# Action item:
All of the data should be reproduced word for word, though its pictures must be omitted.

# Dataset extract:
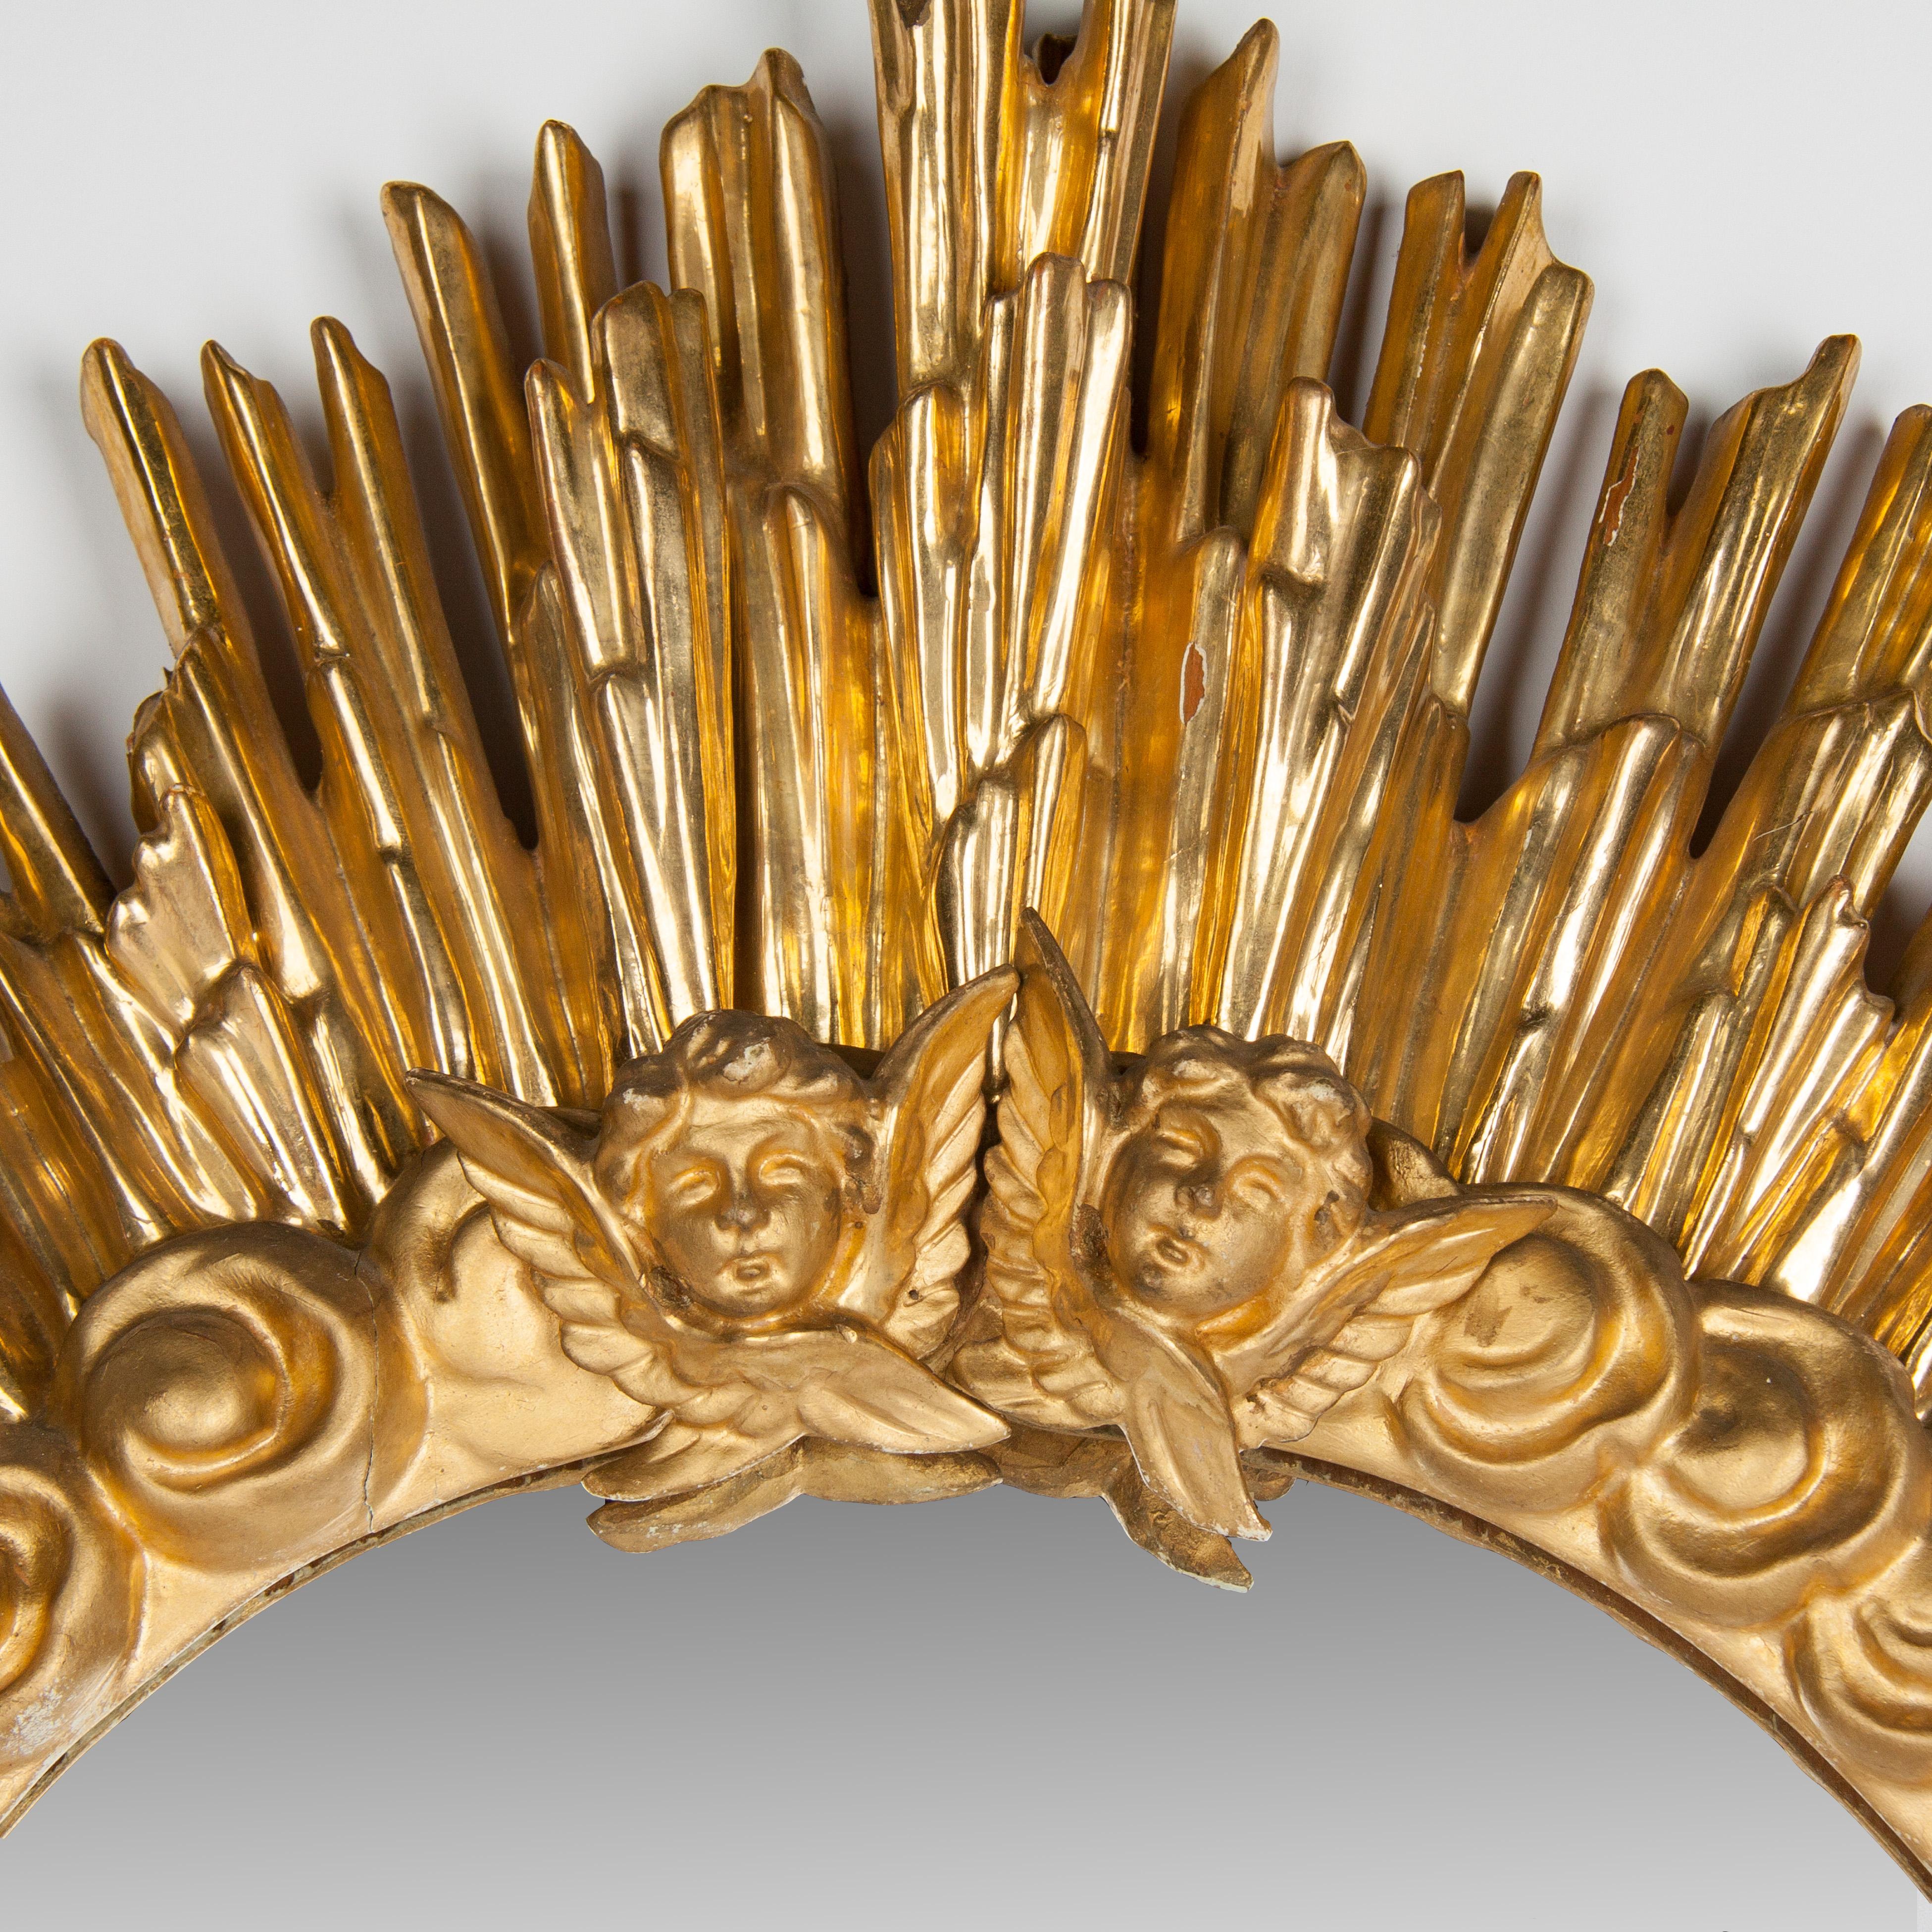 Late 18th century wooden carved sun
burst mirror finely decorated with cherub angel heads.
Gold gilt and polychrome.

# Written response:
 Late 18th century wooden carved sun
burst mirror finely decorated with cherub angel heads.
Gold gilt and polychrome.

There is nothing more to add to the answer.